Exploring Gender through the Language of Twitter



With the age of communication upon us, there are a wide variety of forms of communication: text messaging, twitter, blogs, Facebook, reddit, YouTube, Skype, and the like.  Online social media sites allow for informal means of communication, which offers language specialists and computer analysts a vast amount of data readily available for large-scale statistical modeling.  Whatever the goal of one’s research, there is a tacit assumption that the language we use is associated with, and influences our perceptions of the world around us, and how we display our identity within this world.

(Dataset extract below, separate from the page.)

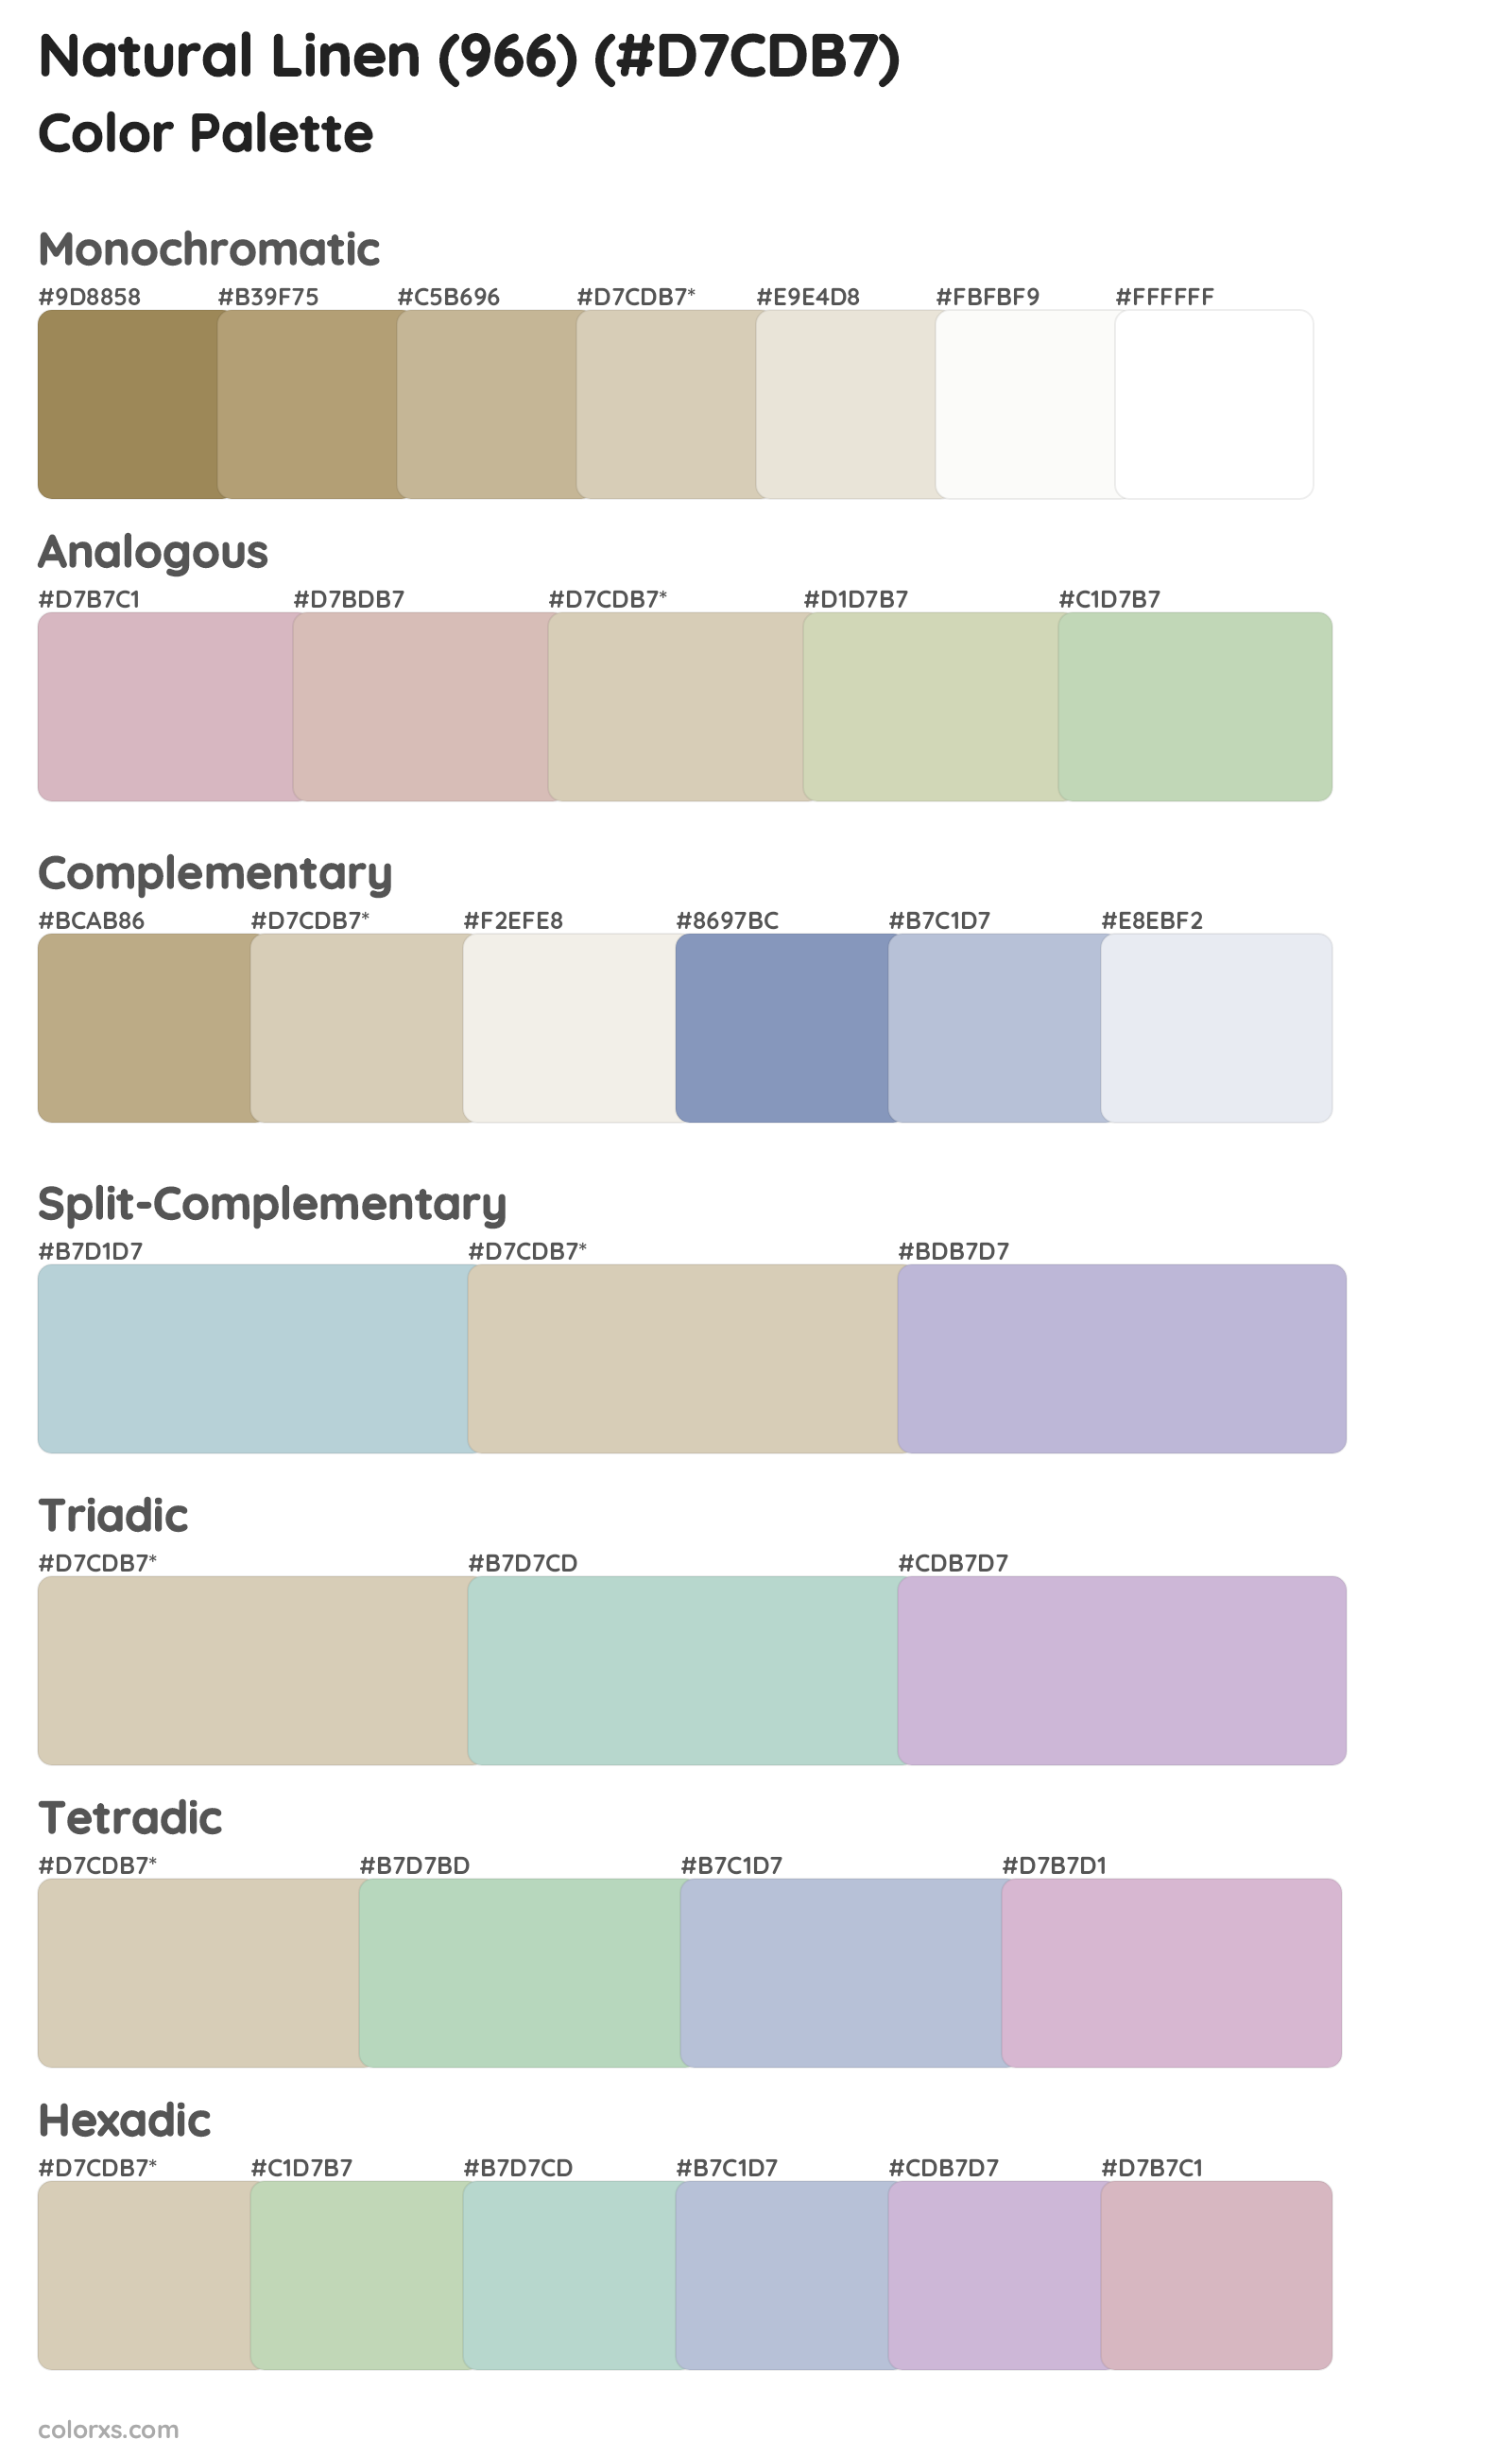 Natural Linen (966) Color Scheme Palettes

This research, then, studies the relationship between gender, and linguistic style in social media text.  This study is supported by a dataset of microblog posts from the social media service, Twitter, which allows users to post (“tweet”) messages of 140 characters or less (“tweets”).  We use a medium-sized corpus of 20,000 tweets (a total of 341, 442 words: 177,584 from women, 163,858 from men) from 52 individuals (21 females, 21 males), aged 20 to 24, and collected over the course of several weeks (March 15 through April 12).  We perform a computational analysis, using a classifier, to determine the influence of gender on linguistic style.  We use two tests on the data, one test that looks at all of the words in the tweets, and one test that looks at words that are largely considered “gendered words.”  Since gender is difficult to look at without considering other social variables, we chose to look at twitter users that we know, so as to also know what is the socioeconomic background of these users.  With this being said, this research does not cover, by any means, a multicultural aspect of the use of language in women and men, rather it is based on the use of language by white, American, college-aged persons; in fact, most of these users are either in college, or just out of college.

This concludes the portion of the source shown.